One cannot help thinking what if the then TAA had been allowed it's Caravelles back in 1959 then we would have got the domestic jet age earlier like the rest of the world.

Qantas - Qantas Frequent Flyer

03 Apr 2013

Total posts 46

My father flew the 727 for Ansett. He hates the planes of today. 

QF

11 Jul 2014

Total posts 1010

They were the days, I remember the first time I went on a TAA 727 like it was yesterday. Being a kid I spent a far bit of time in the cockpit. That doesn't happen anymore, and the private lounges at the airports back then only had about 3 people inside not like the Qantas lounges of today, you can't even find a seat.

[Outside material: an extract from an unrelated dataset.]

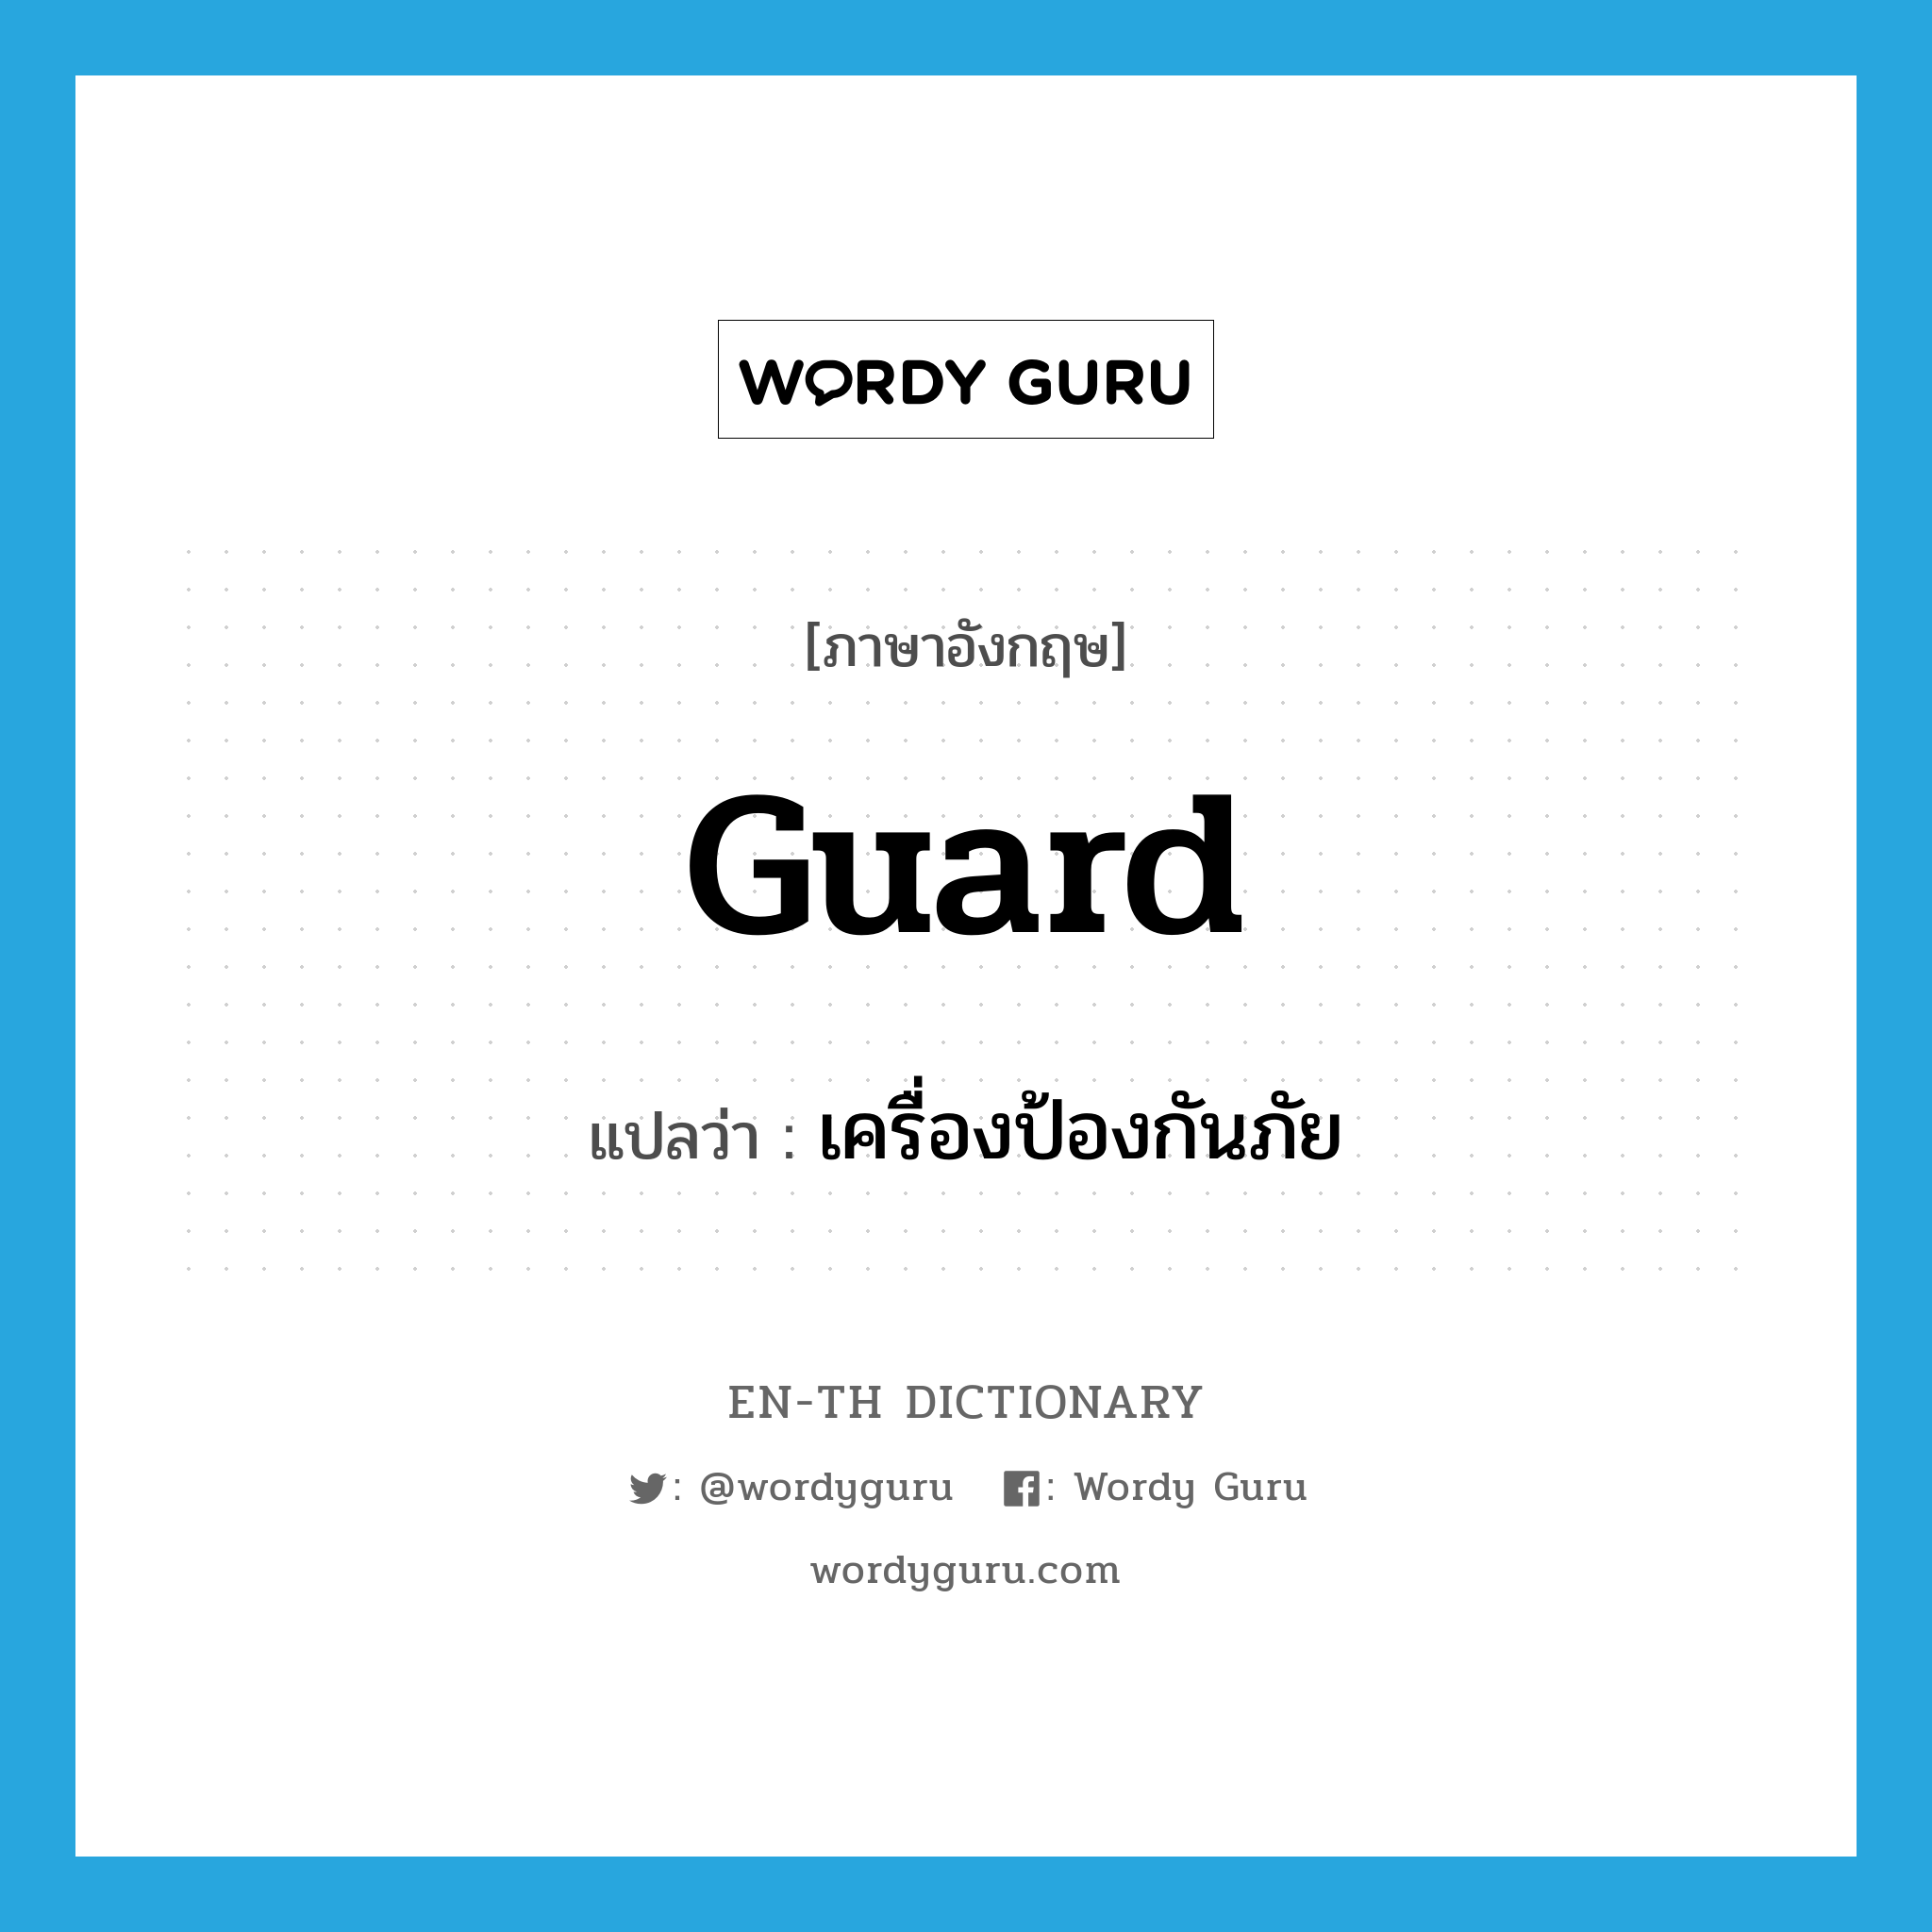 guard
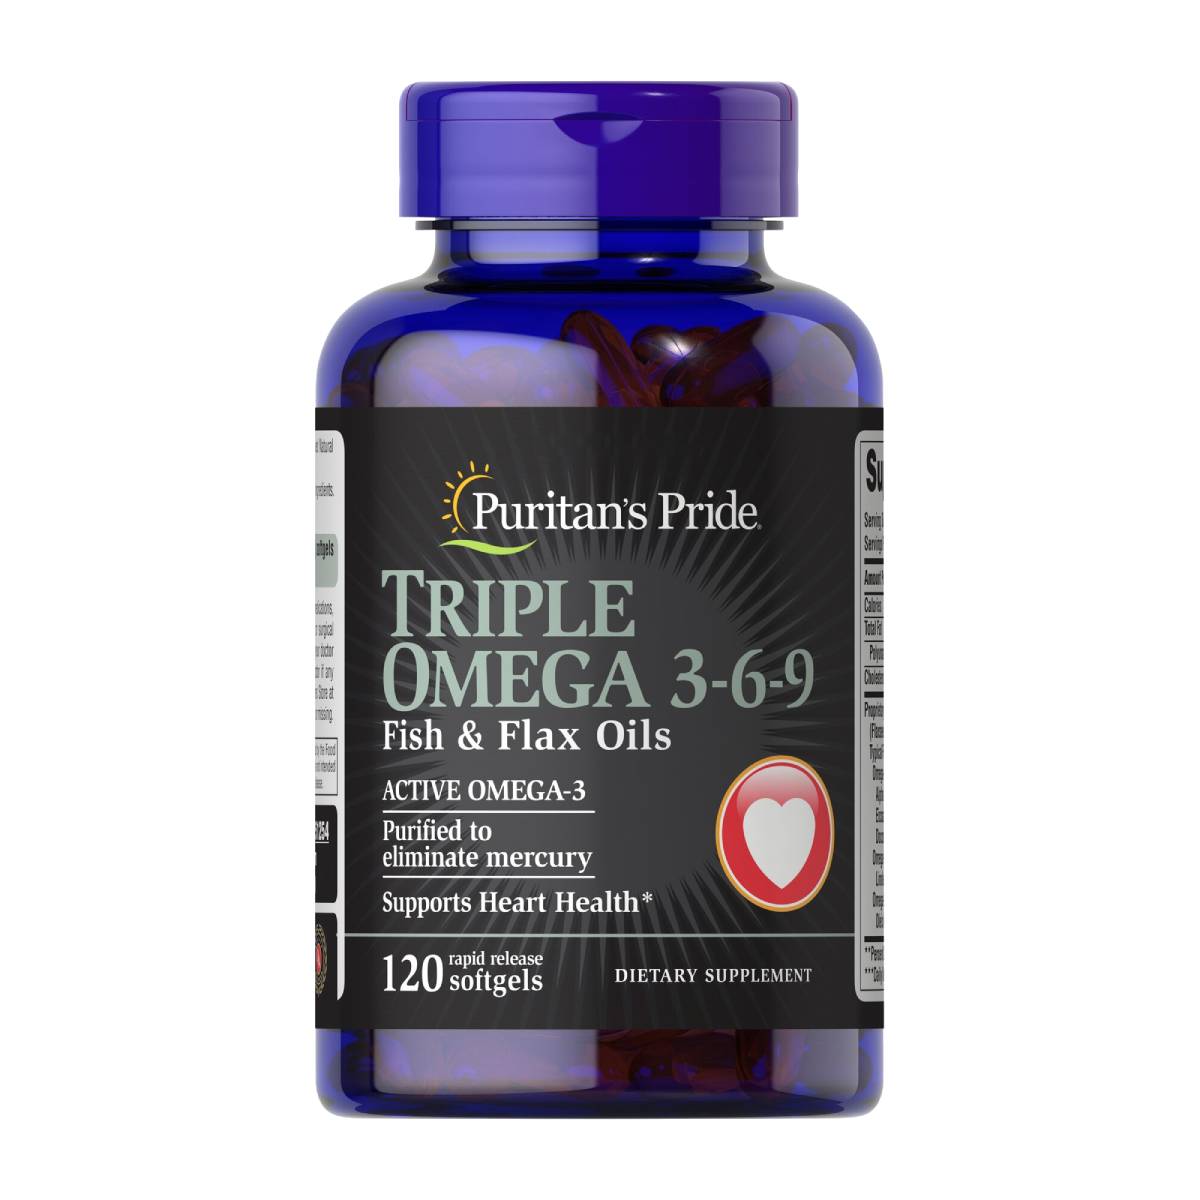 Puritan's Pride, Triple Omega 3-6-9 Fish & Flax Oils

Qantas - Qantas Frequent Flyer

30 May 2013

Total posts 381

Fond memories of the Boeing 727. My last flight on one was back in January, 1992, Coolangatta-Melbourne on Australian Airlines. Indeed my every first flight as a child was on an Ansett 727-200, from Launceston-Melbourne back in 1983. I remember it quite well and was allowed in the cockpit mid-flight. The captain gave me a postcard with the Ansett 727's photo on the front and all the aircraft's information on the back.

Qantas - Qantas Frequent Flyer

17 Oct 2014

Total posts 14

I loved the B727 it was a great work horse. The DC9-30s weren't too far behind if I remember rightly? Of course in the early 80's Ansett added 4 B727-200LR's to their fleet which allowed them to operate guarenteed non-stop service from Sydney/Melbourne to Perth against any headwinds, which used to occasionally force earlier B727-200's to call into ADL for fuel. I think I flew on Ansett's fleet of B727's on nearly every sector in Australia over the years. I miss these tri jets, a great memory from a by gone era.

18 Oct 2014

Total posts 1

Such a pity that none of the four photos included were of the B727-100 initially operated by Ansett and TAA.

I was on the first Ansett 727 commercial flight Sydney to Melbourne 2nd Nov 1964.

VH-RME was the aircraft and flying time Mascot to Essendon was 1 hour 5 minutes,

something which only the current B737's can emulate as the B767's and airbus A/C all cruise slower. Congenstion these days does count for longer terminal to terminal times, however, the much imporved climb and descent performances of modern A/C allow for longer cruise times and therefore reasonable travel times on the MEL-SYD-BNE sectors.